Asks Bass: Is this the end of religion or only the beginning of a new, and better, form of faith?
(TIZIANA FABI - AFP/GETTY IMAGES)
The bored and wounded have fled religion seeking new spiritual connections. Some 30 percent of Americans now identify as “spiritual but not religious,” around 9 percent are atheists and post-theists. But the growth of these two groups is not news. Their numbers have been rising for thirty years.
What is new? In my research, it’s the “ands.” Those who say they are “spiritual and religious.” In 1999, 54 percent of Americans said they were “religious but not spiritual,” while six percent said “spiritual and religious.” By 2009, the percentages had reversed: “religious but not spiritual” fell from 54 percent to nine percent as the “spiritual and religious” rose from a mere six percent of the population to nearly half, an astonishing 42 point change.

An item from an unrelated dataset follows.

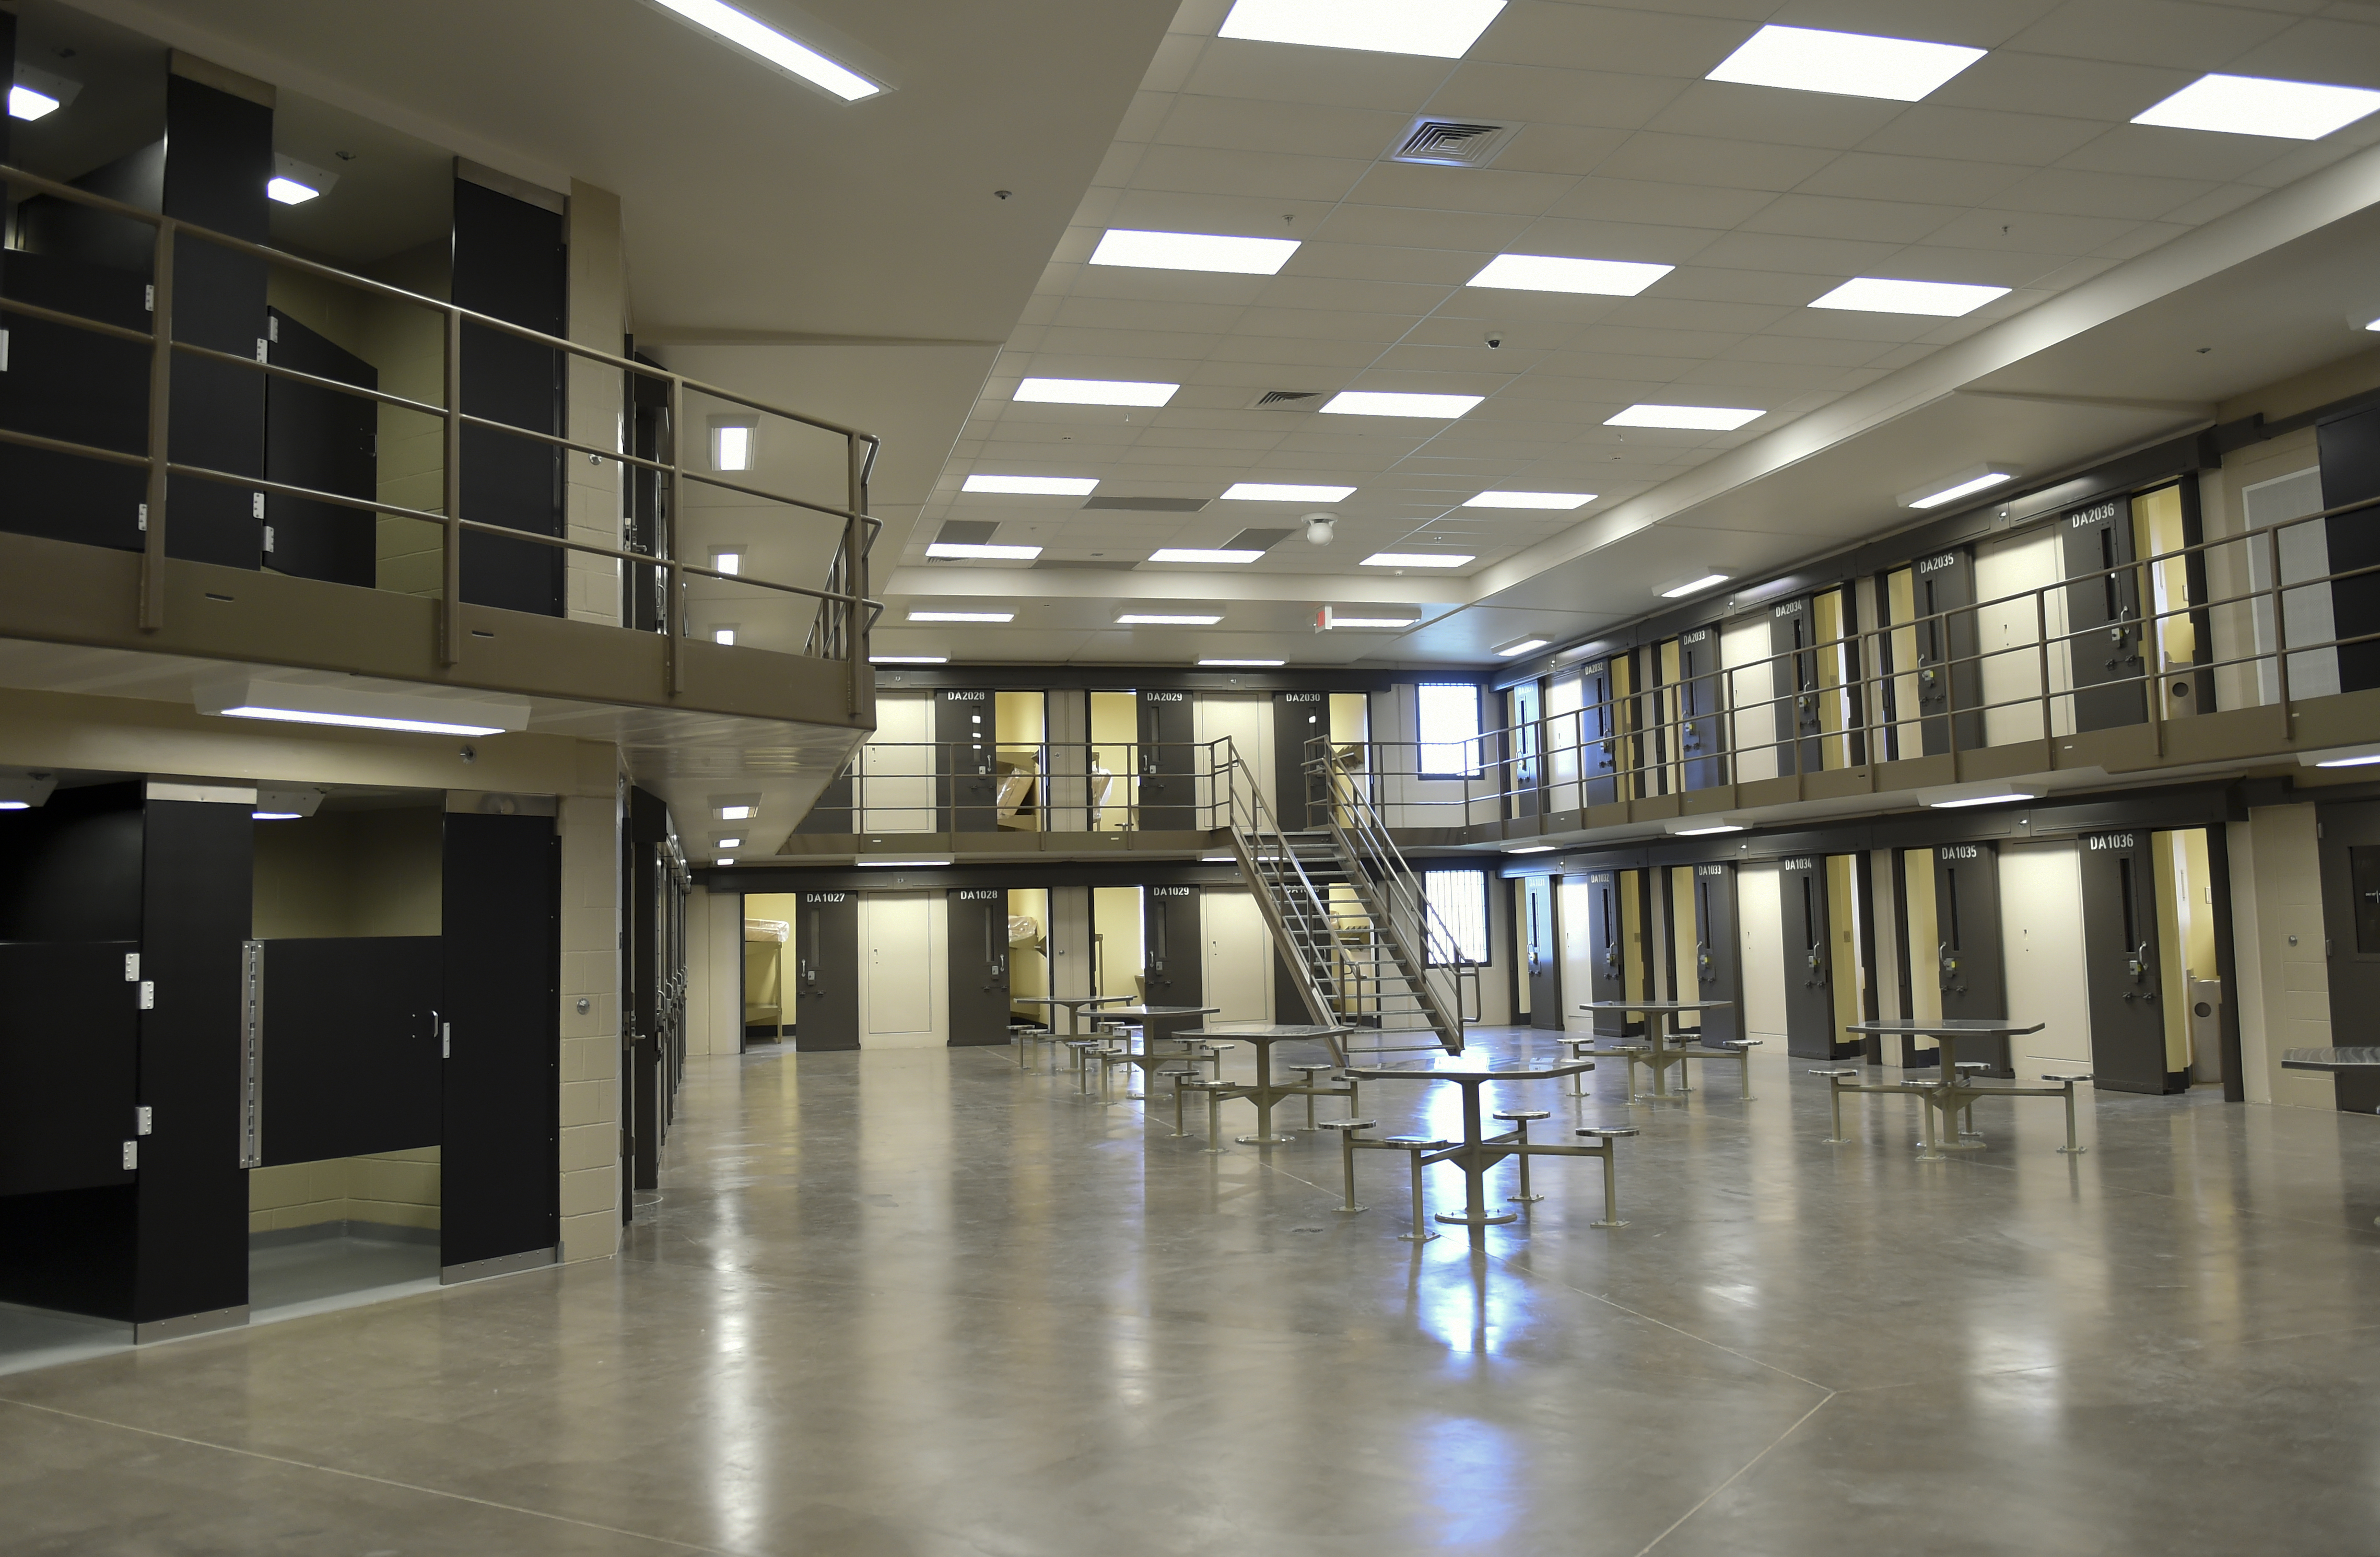 Inside block D at the State Correctional Institution in Phoenixville, Pennsylvania on June 1, 2018. (Lauren A. Little—Reading Eagle/Getty Images)

“Ands” want religion revolutionized by spirituality; they want spirituality grounded upon (but not guarded by) ancient wisdom, theologies, and practices. They demand more authenticity, meaning, justice, and community from religious institutions, not less. In these longings, the “ands” voice an older way of understanding religion, where faith should and must be an experience of God that transforms one’s life for the sake of the world. If the “ands” are the vanguard of change, then the great religious recession is about to give way to a great spiritual awakening. Is this the end of religion or only the beginning of a new, and better, form of faith?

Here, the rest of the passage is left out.